● Brief: Repeat the data word for word, excluding every picture.

● Data below:

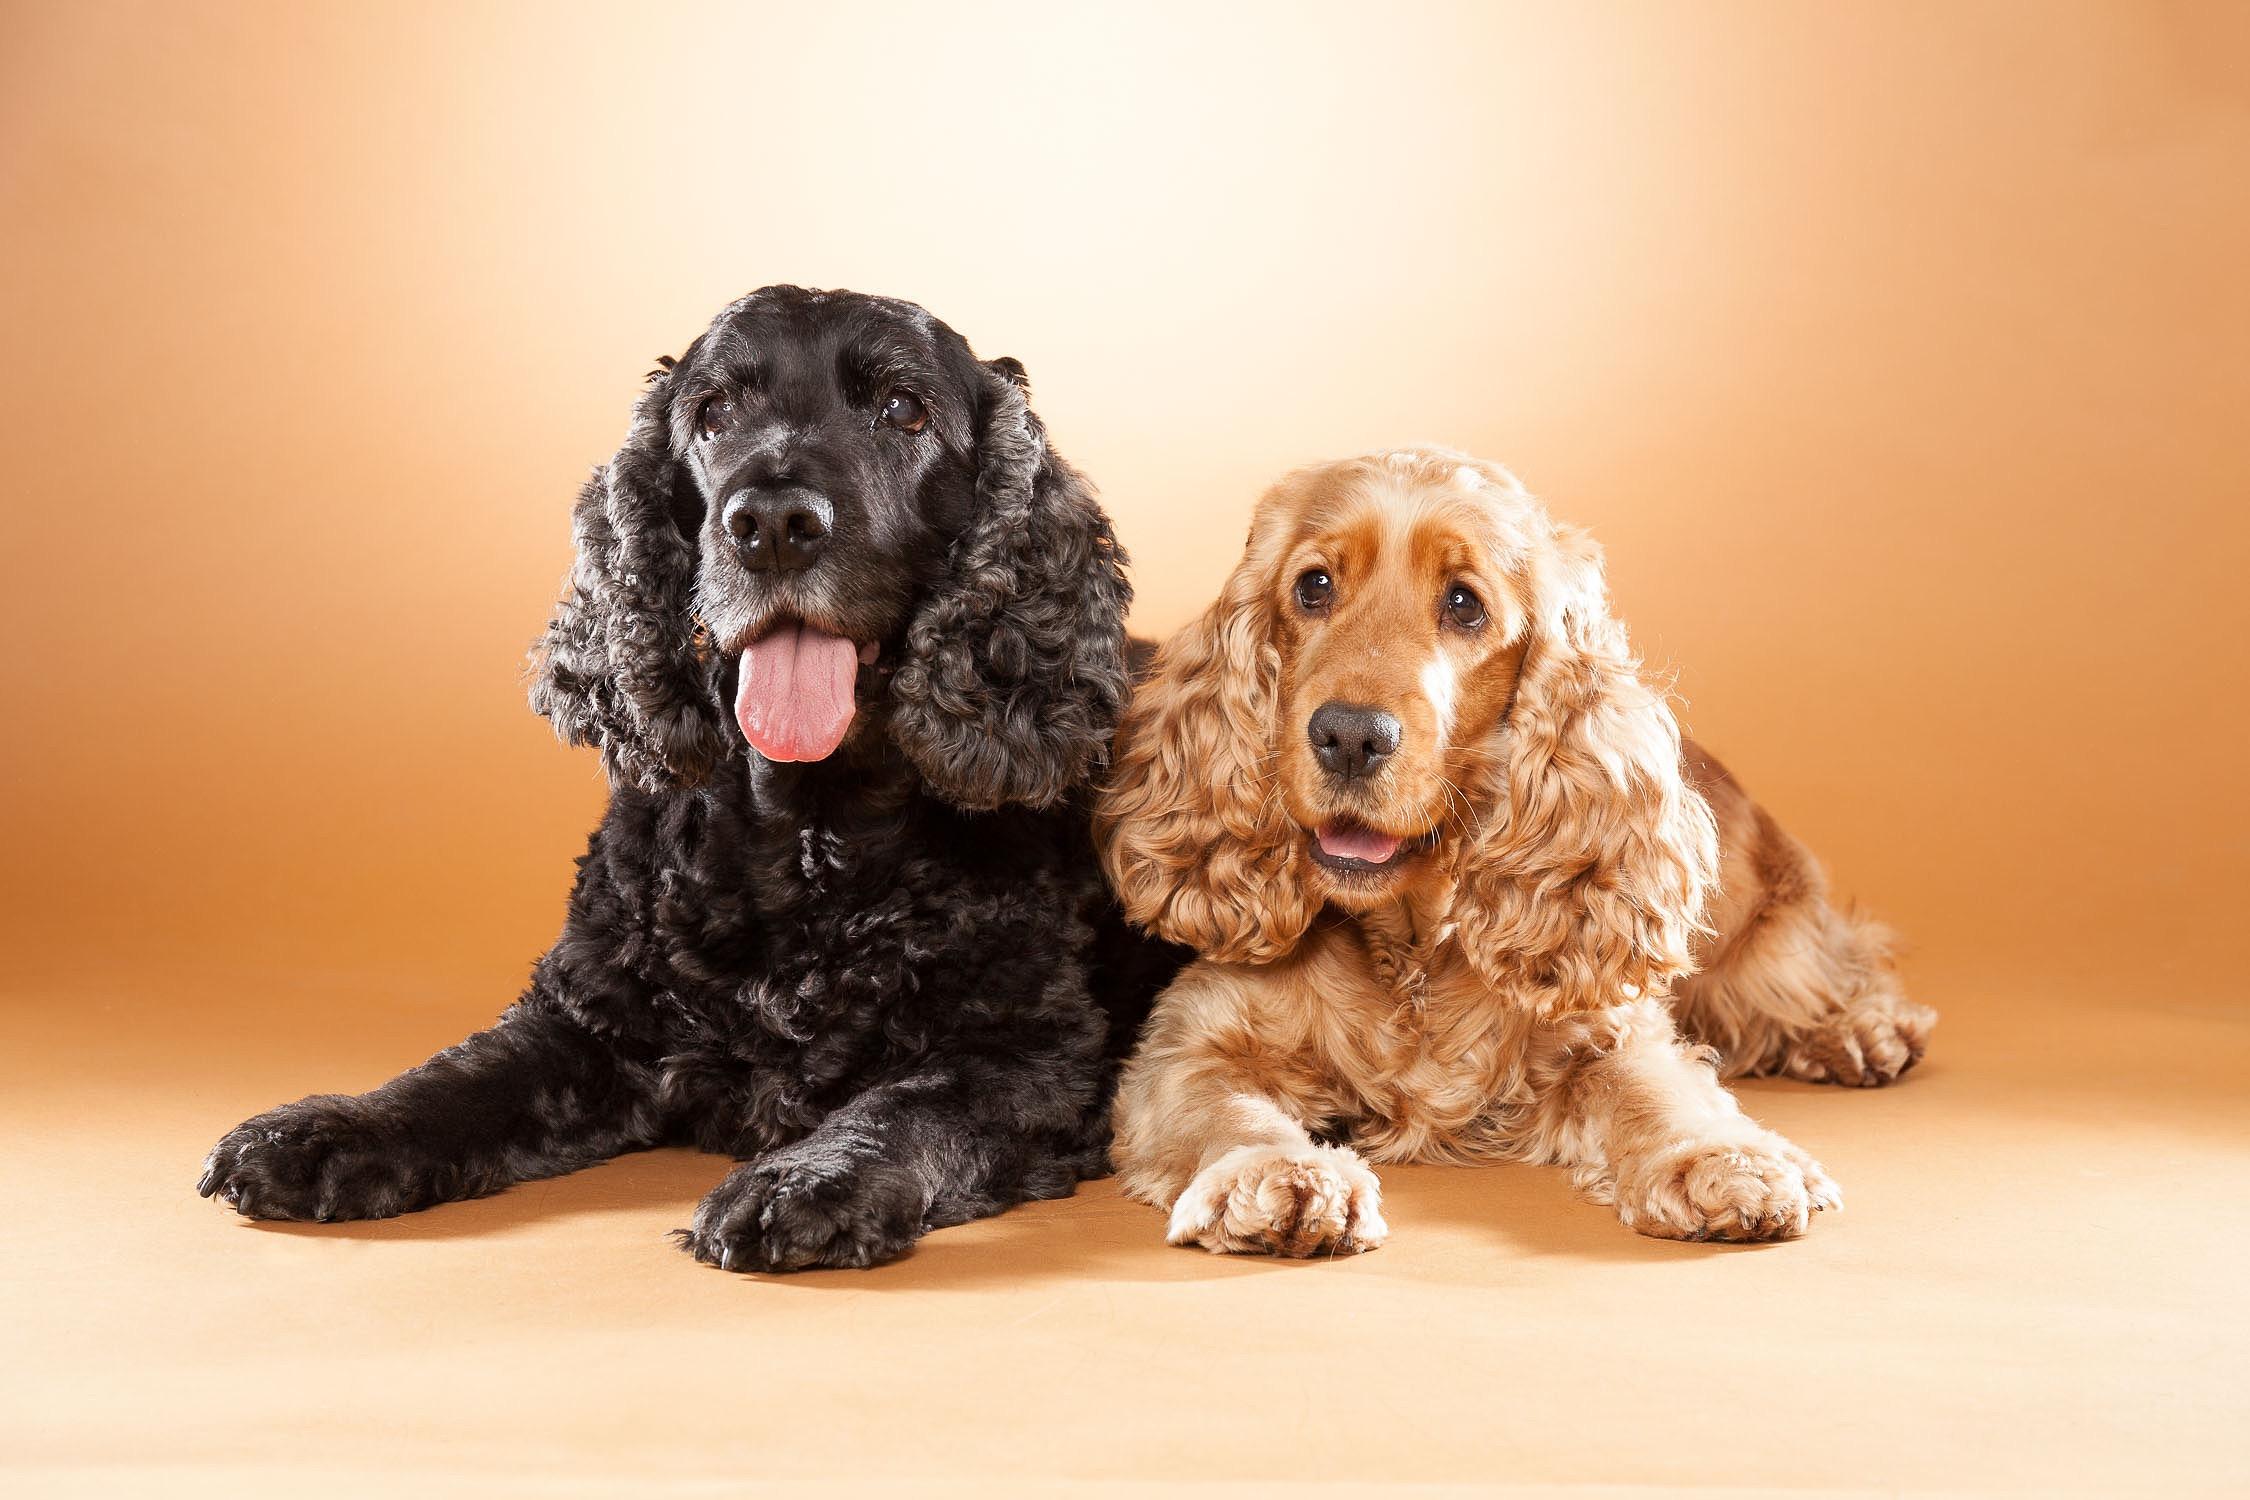 hund-hundefotograf-hundefotografering-fotograf-hodnedesign-pål-hodne--3.jpg
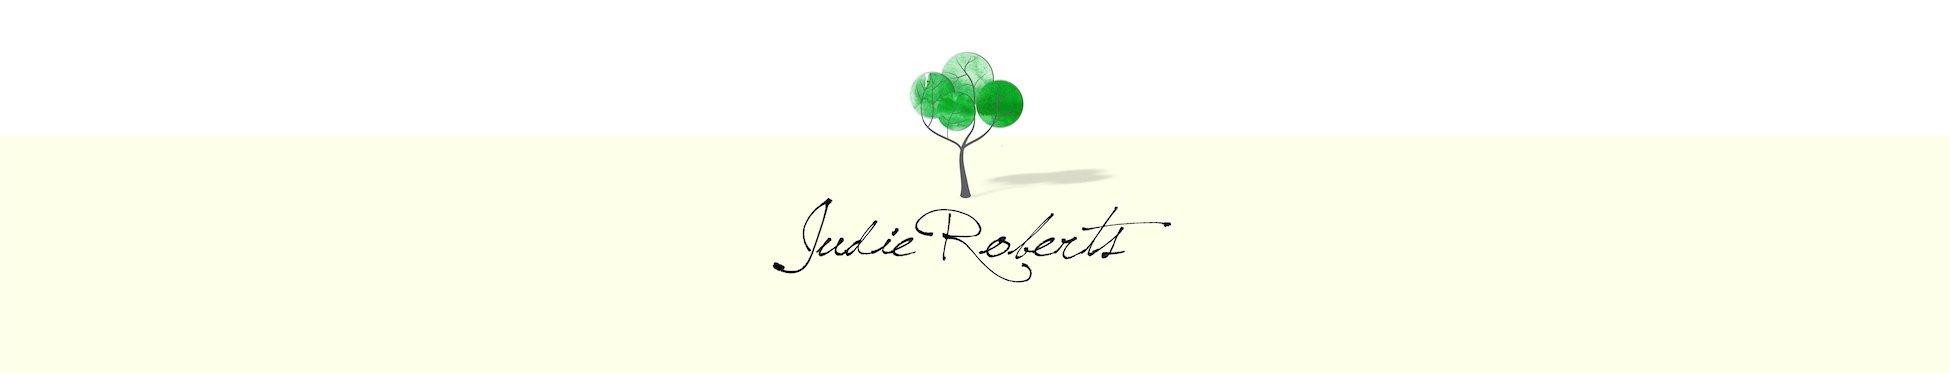 Judie Roberts Psychic
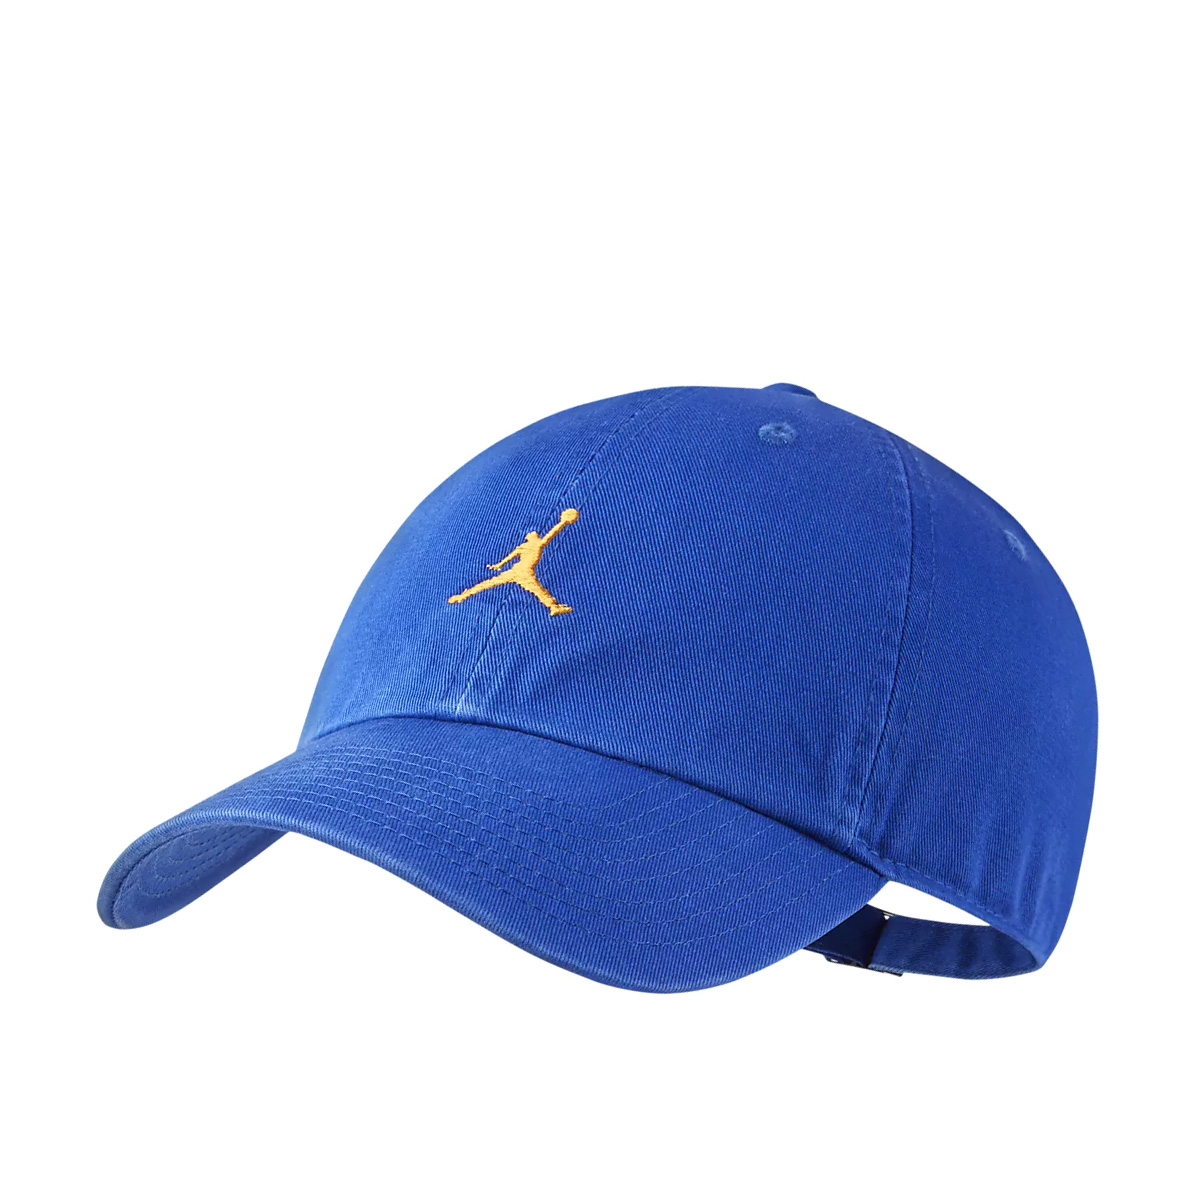 66aa1e7c549 ... coupon code nike heritage 86 jumpman floppy cap nike jordan heritage 86  jump man floppy cap
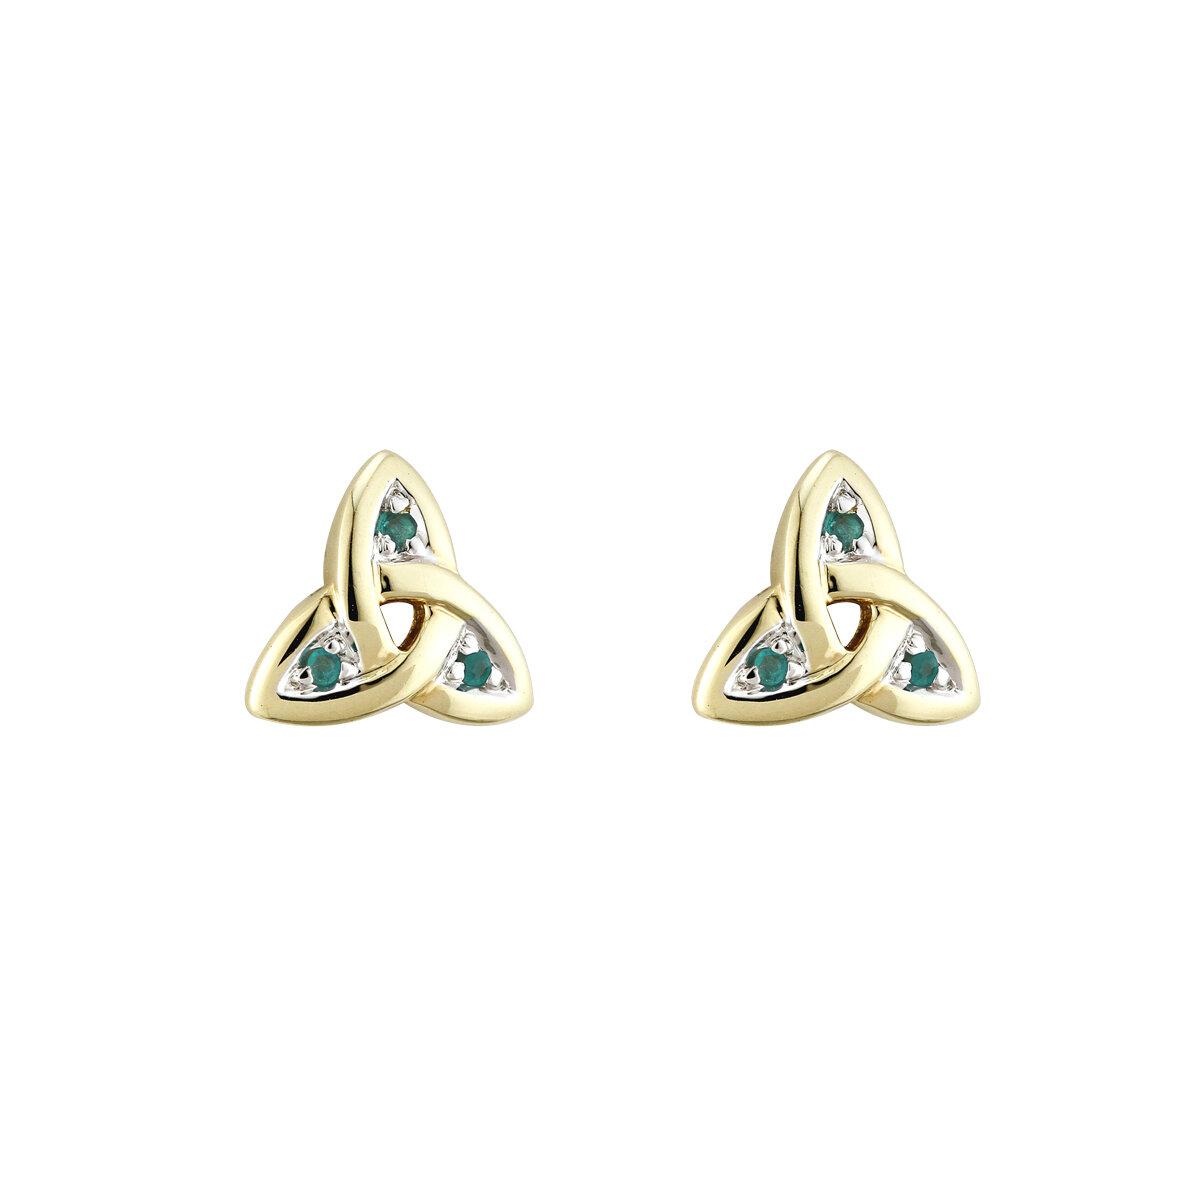 14K gold emerald trinity knot stud earrings s3006 from Solvar

● Exercise answer:
 hund-hundefotograf-hundefotografering-fotograf-hodnedesign-pål-hodne--3.jpg
 Judie Roberts Psychic
 66aa1e7c549 ... coupon code nike heritage 86 jumpman floppy cap nike jordan heritage 86  jump man floppy cap
 14K gold emerald trinity knot stud earrings s3006 from Solvar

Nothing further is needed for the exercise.